Finding a distant similarity means defining a new similarity group of
sequences and provide a description for it in terms of a sequence pattern
or profile. This description (i.e. the pattern) has to be diagnostic, i.e.
it has to cover only the members of the new group. In fact, such a diagnostic
pattern is sometimes regarded sufficient to prove the existence of the
group.
In principle, we can identify a group of sequences by some kind of a
database search. It can be simple database search, or profile search, or
pattern search. The process of identifying a group can be graphically depicted
as follows:
In the unsuccesful case, the members of the similarity group can not
be distinguished from other members of the database. In the successful case,
the new group is pulled out from underneath the pile of the other database
entries. There are four participants in this game: 1) query, 2) scoring
scheme (replacement matrix), 3) database, and 4) user. We
will now classify the search strategies based on these four factors.
As an hypothetical example, imagine that simple database search using
the BLAST program pulled out 2 sequences that are weakly similar to the
query sequence.
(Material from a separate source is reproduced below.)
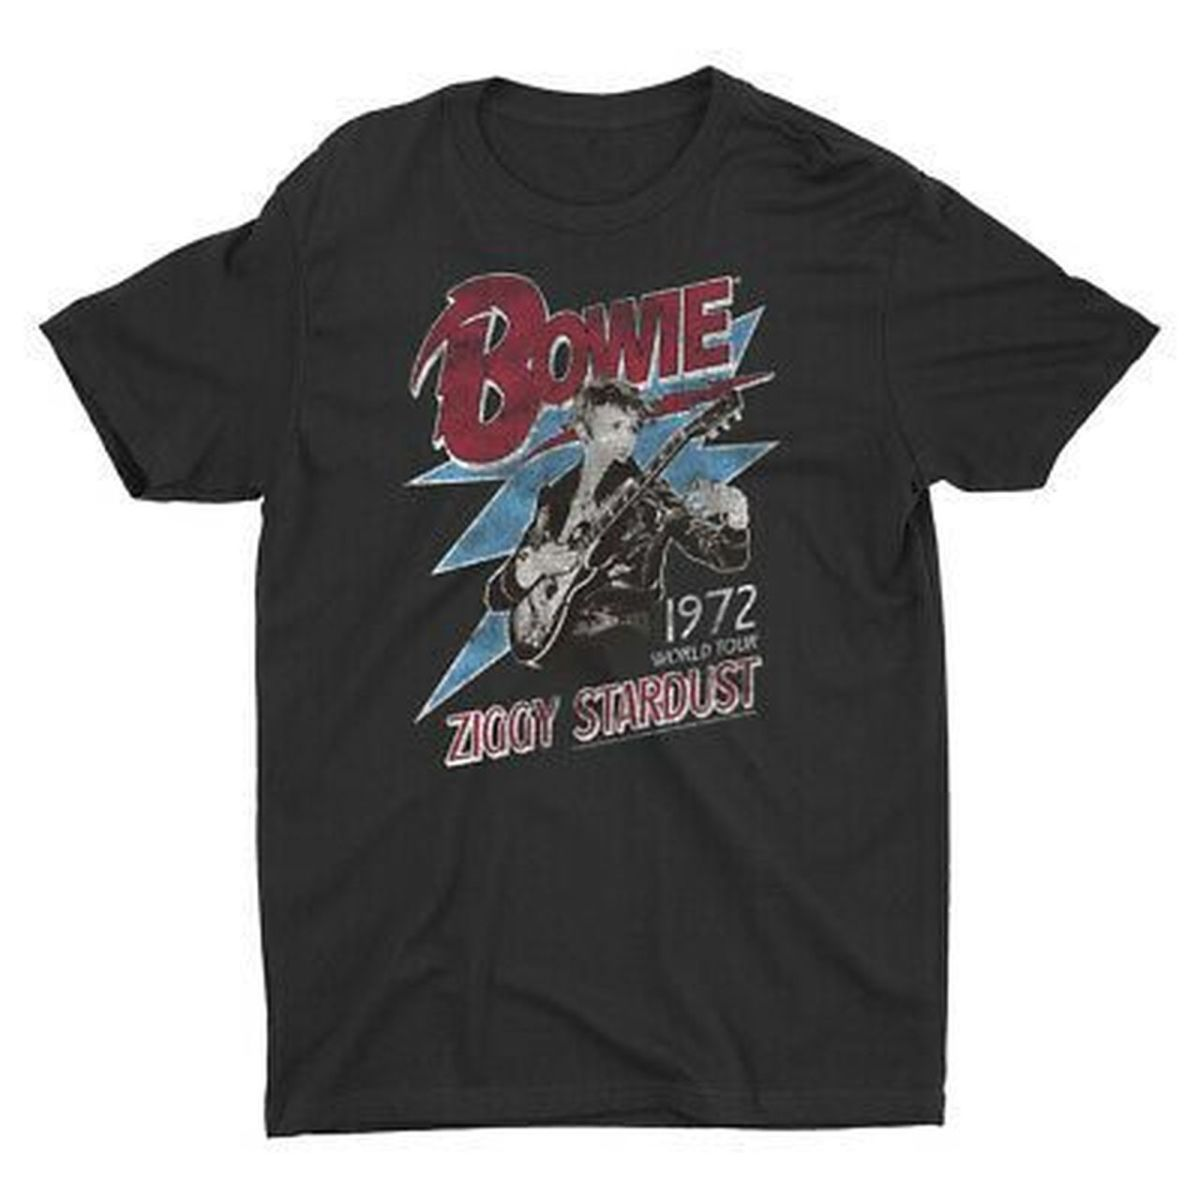 David Bowie Ziggy Stardust 1972 World Tour T-shirt
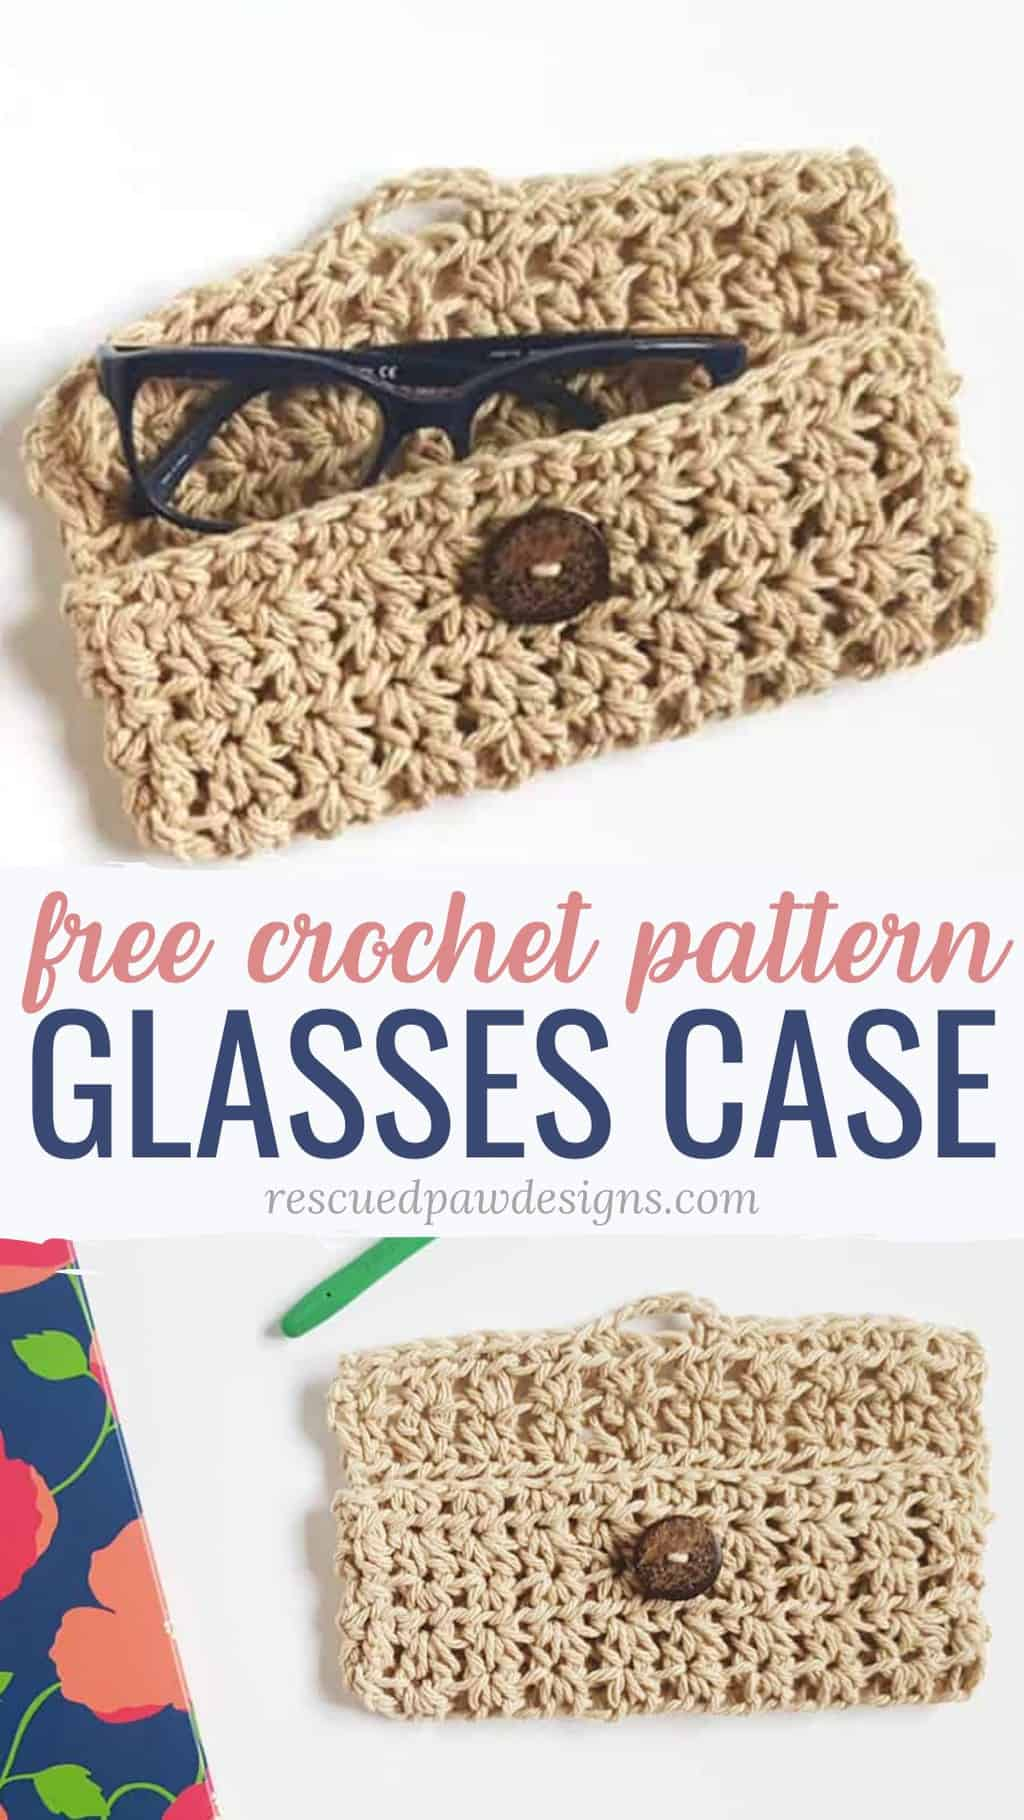 Glasses Case Crochet Pattern

All other suspected homologs of the query are buried somewhere
in the search results.
Using a better query, like a pattern, or using a better scoring scheme,
or a different database, will separate the known homologs from the unrelated
sequences and may reveal new members of the similarity group
The simplest thing one can do is to delete all unimportant parts of
the query and use only the suspected similarity region for database search.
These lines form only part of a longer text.